I'm not a scholar by any means, but the difficulty arises with the word "ἐπιλαμβάνεται".

It probably means "to take hold" or "to seize" as might be found in Matthew 14:31.

But the word has implied the notion of "aid" (as in Jesus taking hold and healing in Luke 14:4). Some modern commentators deem the grammar to require it to be translated as aiding the objects of the sentence rather than taking on the nature of the objects.

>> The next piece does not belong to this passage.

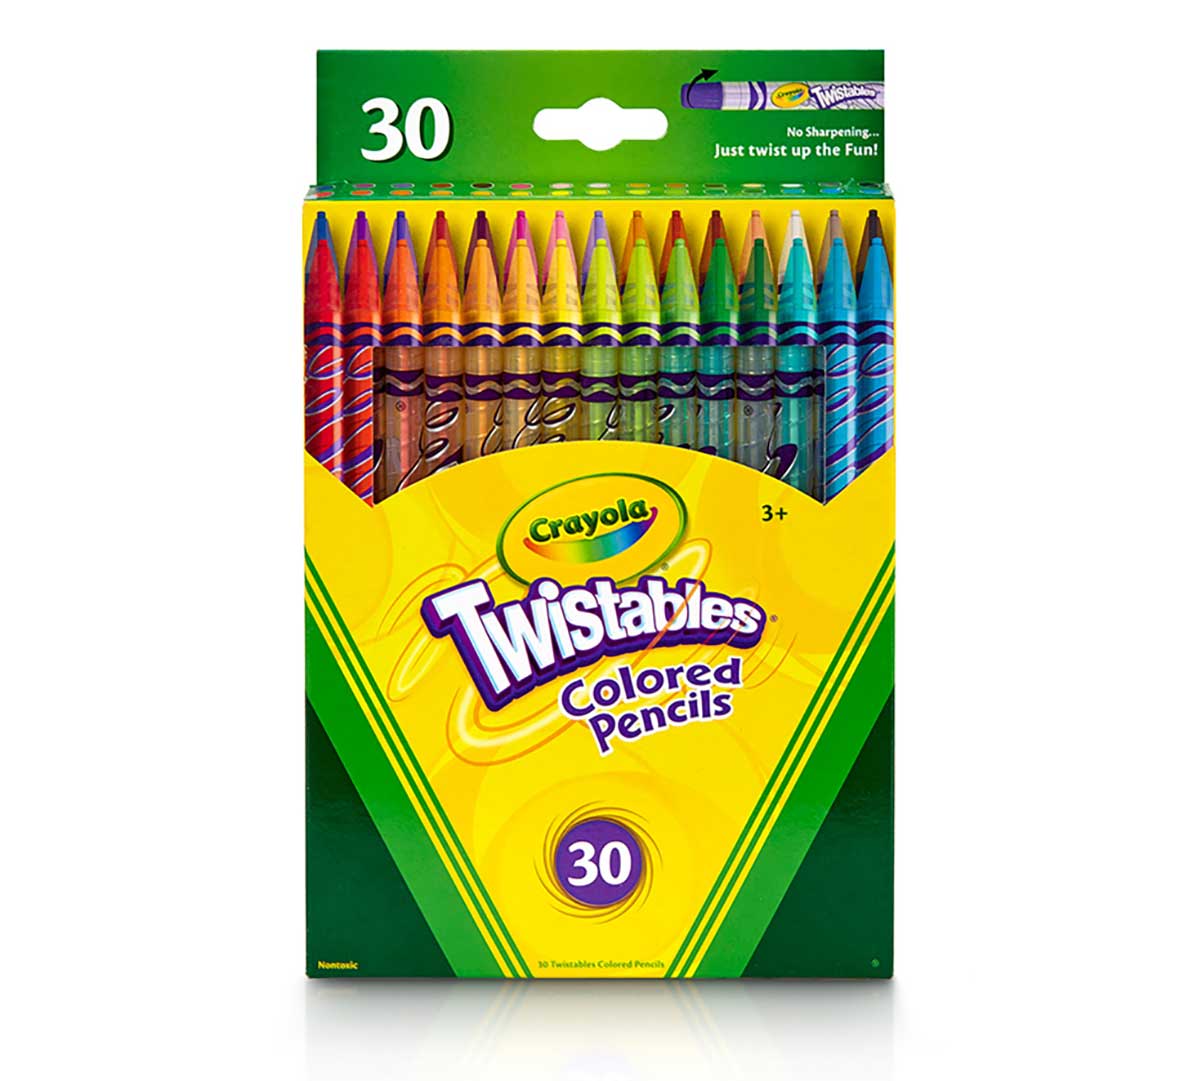 https://shop.crayola.com/on/demandware.static/-/Sites-crayola-storefront/default/dwd6b36568/images/68-7409-0-210_Twistables_Colored-Pencils_30ct_PDP-1_F1.jpg

I don't have my Calvin commentary handy, but I am pretty sure he rendered it something like "assumed the nature of." I personally think context implies that meaning rather than the modern one, but I'm not educated enough to follow the latest argument.


----------



## py3ak (Mar 3, 2010)

This post speaks to the matter, though it doesn't give a full answer to your question, but post #48 in the same thread goes into more depth (I would permalink, but for some reason it redirects me to post #61.)


----------



## MW (Mar 3, 2010)

Rick Larson said:


> This rendering seems to make so much better sense in the context of the passage, I wonder why all the modern translations (including the NKJV) would translate it as "gives help to"?


 
John Owen: "The Socinians embrace and endeavour to confirm this second exposition of the words: and it is their concernment so to do; for if the words express that the Lord Christ assumed human nature, which necessarily infers his
pre-existence in another nature, their persuasion about the person of Christ is utterly overthrown."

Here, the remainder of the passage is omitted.